Recently, there has been a flurry of activities in the free trade zones (FTZ) in Nigeria, particularly the Lagos FTZ. Accordingly, it is necessary to highlight the required steps for entities seeking to register in any FTZ for the purpose of carrying out approved activities such as trading, manufacturing, and the provision of approved services. Persons may be concerned to know if the modalities for the registration of entities under the Companies and Allied Matters Act (“CAMA”) apply to FTZ entities registered under the Nigeria Export Processing Zones Authority (NEPZA) Act and regulations.
Below are some of the major differences between entities registered either under the NEPZA and CAMA-
1. Under the NEPZA regulations, upon registration of an FTZ Enterprise under the NEPZA act, a license is issued to the entity. Thereafter, an application for a certificate of registration permitting the registered enterprise to operate in a specific FTZ must be submitted by the enterprise. The category of the certificate of registration to be applied for is determined by the objects of the enterprise. On the other hand, a company incorporated under the CAMA and issued with a certificate of incorporation by the Corporate Affairs Commission (CAC) is set to start operations and requires no additional license except for sector specific licenses to be issued by relevant regulatory authorities where it is to operate a specialized business.
2. The authorized share capital of each FTZ Enterprise may be denominated in either local currency (Naira) or the United States Dollars (US$). For a company incorporated under the CAMA, the share capital is required to be denominated in Naira.
3. The share capital of a n FTZ Enterprise may be altered by an “Owner’s Declaration” subject to the prior approval of the FTZ Authority, while the share capital of an incorporated Company under CAMA can only be altered either by way of consolidation, increase or reduction of shares by way of a resolution of the members passed at a general meeting.
4. A registered FTZ Enterprise has no limit regarding the number of its shareholders as it may have one or more shareholders while a company incorporated under the CAMA is always expected to have a minimum of 2 shareholders and a maximum of 50 in the case of a private company and an unlimited number for a public company.

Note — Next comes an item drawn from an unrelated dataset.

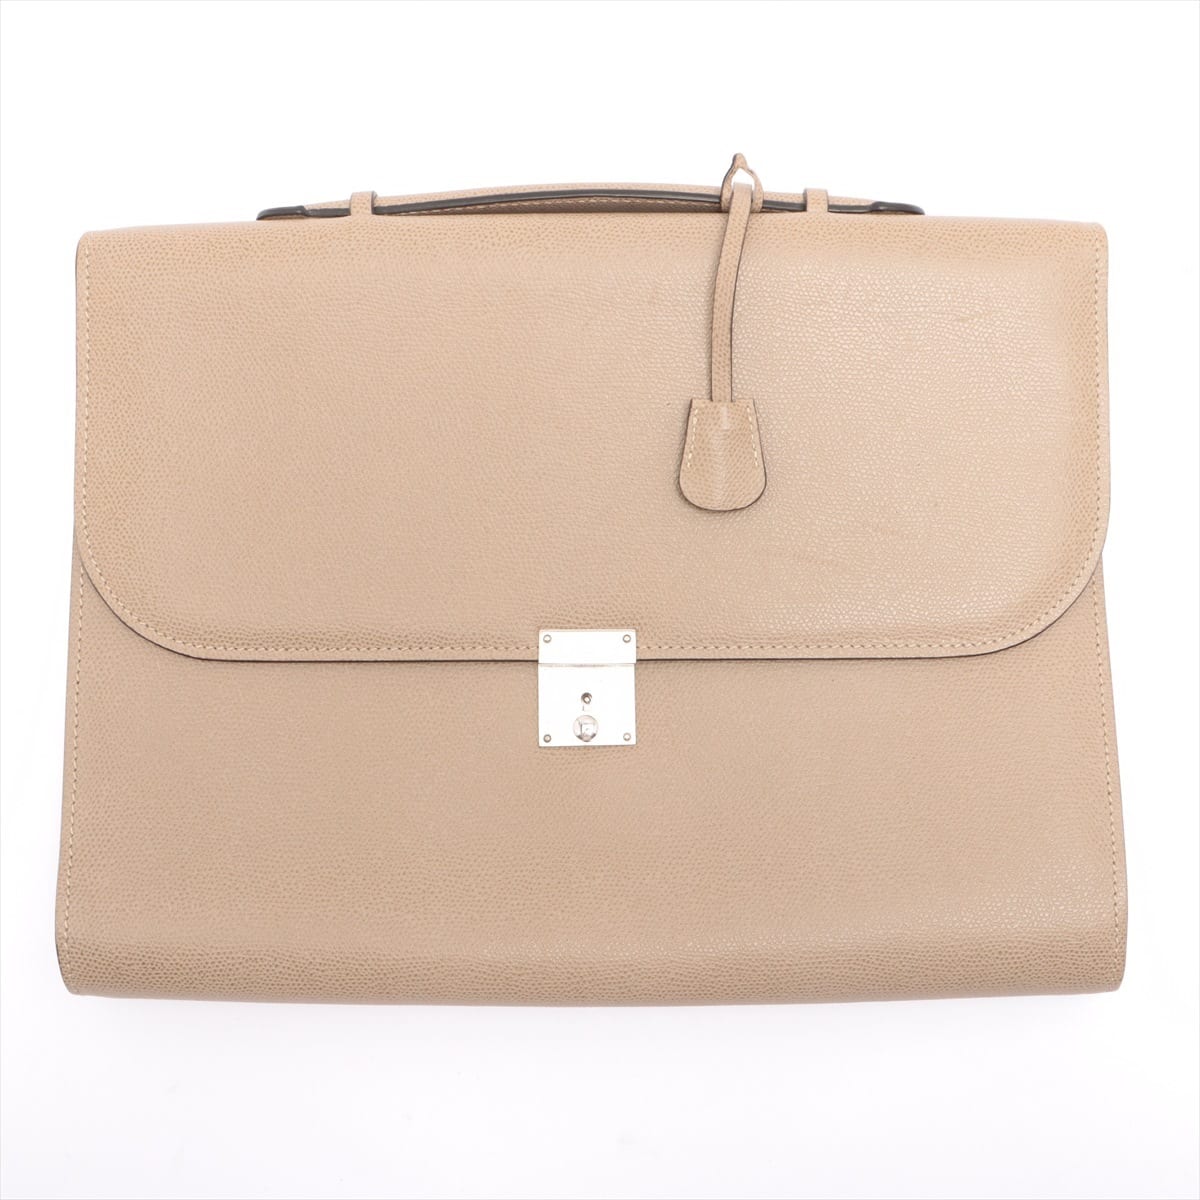 Valextra Leather Briefcase Beige The edge is slightly solid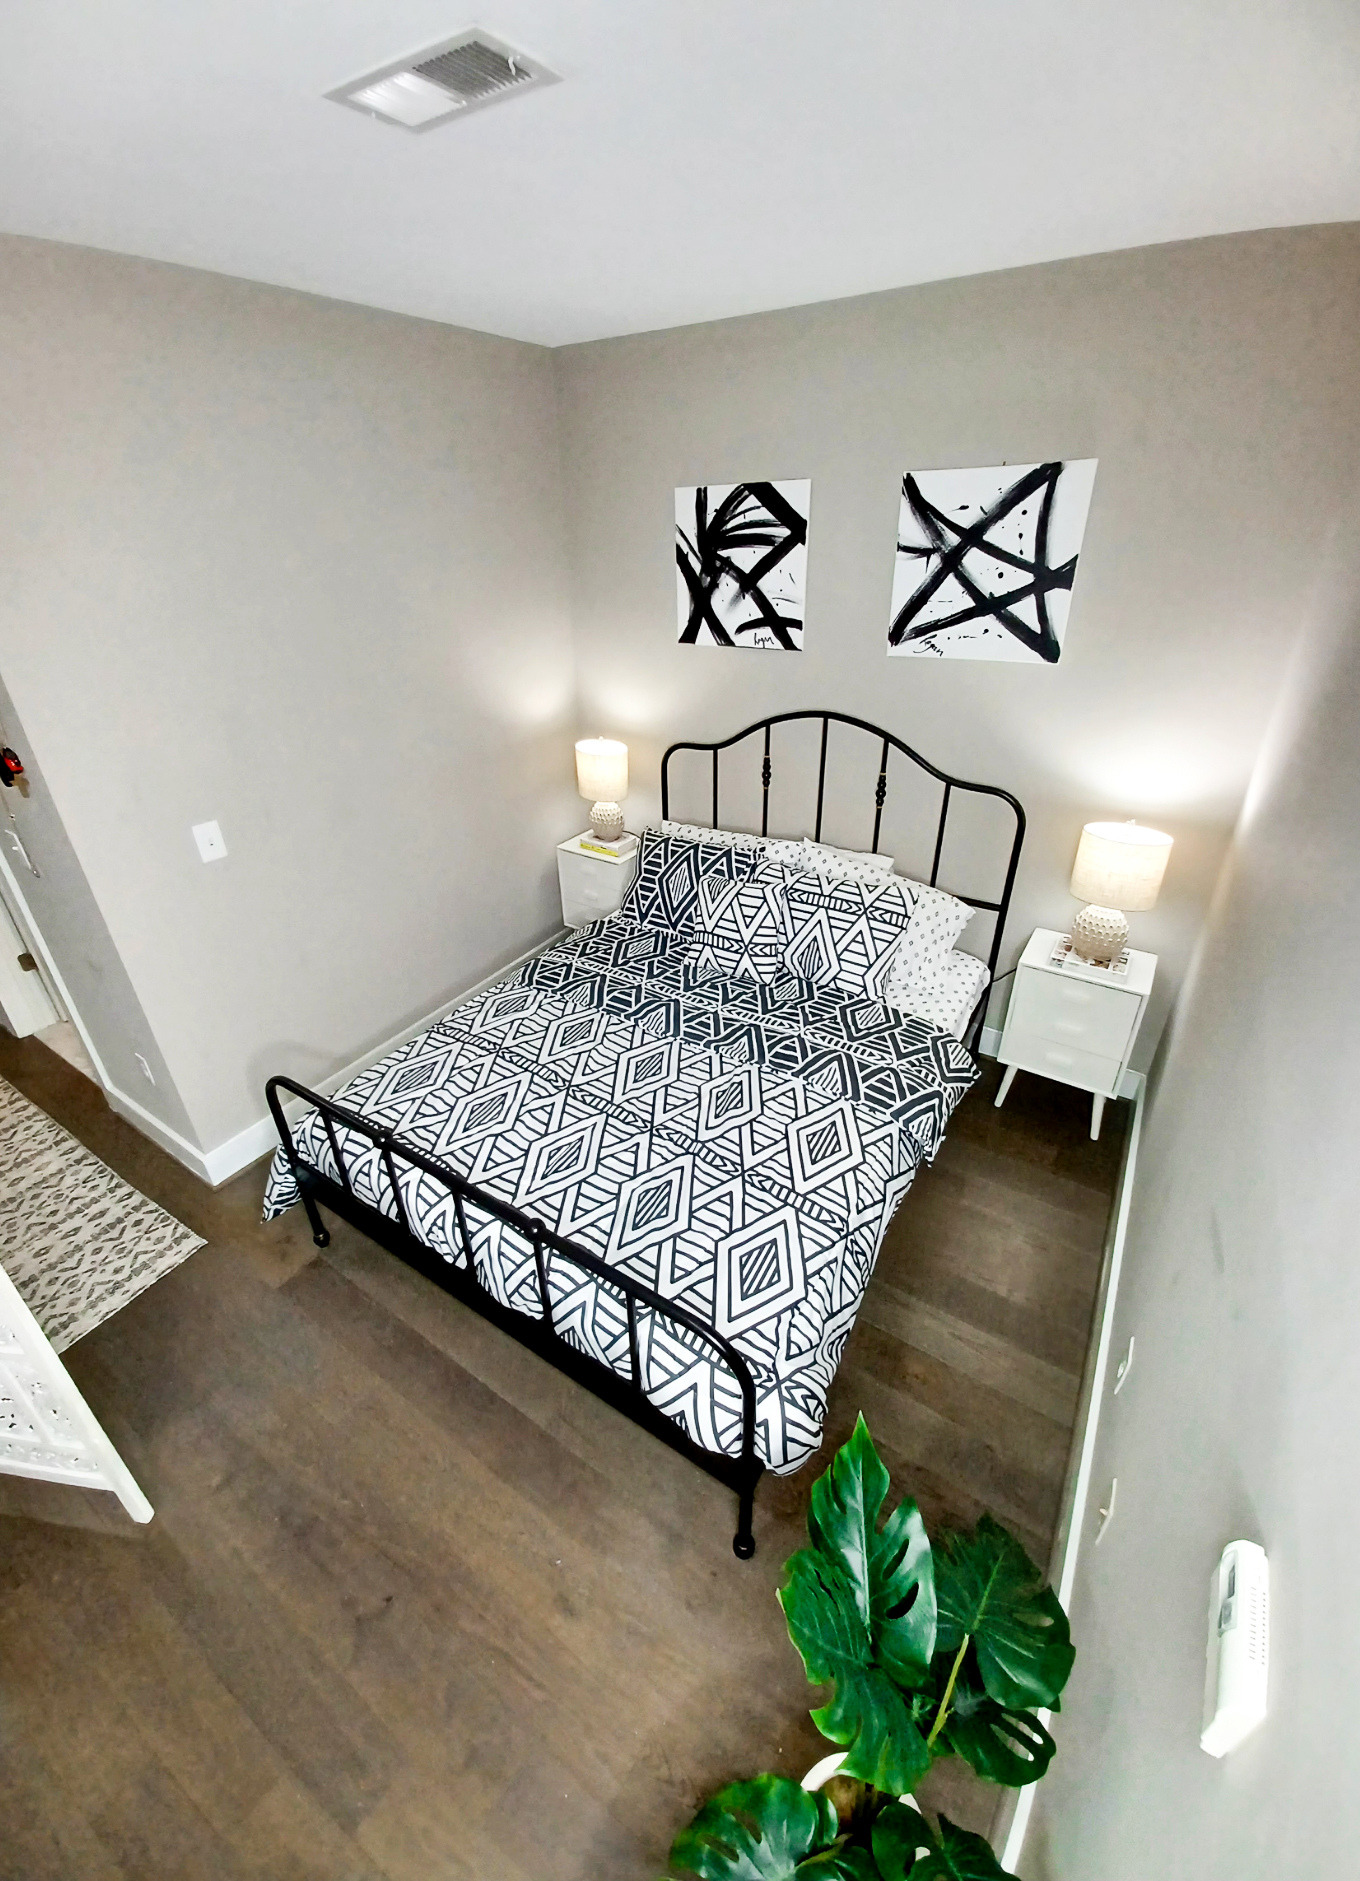 Black and white themed bedroom

5. In an FTZ establishment, no share may be issued unless the capital is fully paid, while for companies registered under the CAMA, the authorized share capital need not be fully paid up before shares are issued to shareholders.
6. The name of an FTZ Enterprise must end with the acronym of the FTZ within which it is located, such as “XYZ LFTZ” if in Lagos. Additionally, an FTZ Enterprise may change its name by the “Owner’s Declaration” subject to the proposed new name being approved by the Authority. In the case of a company registered under the CAMA its name could either end with Limited or Plc which indicates whether it is a private company or public company, respectively. The name of such a company can only be changed by a special resolution of the shareholders subject to the approval of the Registrar- General of the CAC.
7. In an FTZ enterprise, the licensee has the power to appoint and remove any director and the secretary, while for a Company registered under the CAMA a director and secretary of a company can only be removed by following the procedure laid down by the CAMA which requires the approval of the shareholders and directors respectively.
8. The deregistration of an FTZ Enterprise from the FTZ Authority’s Register may be done either by the Authority in the case of a breach of the Enterprise license terms or voluntarily where the FTZ Enterprise wishes to cease operating in the FTZ. The winding up of a company under the CAMA is effected by either the court, voluntarily by members of the company or subject to the supervision of the court.
Given that FTZ Enterprises are given a number of concessions especially with regard to the payment of taxes, the setting up of FTZs in Nigeria is a useful tool for attracting foreign direct investment into Nigeria. There is however need for the implementation of measures which will ensure that the processes being carried out by the FTZs Authorities are conducted and concluded in a seamless manner.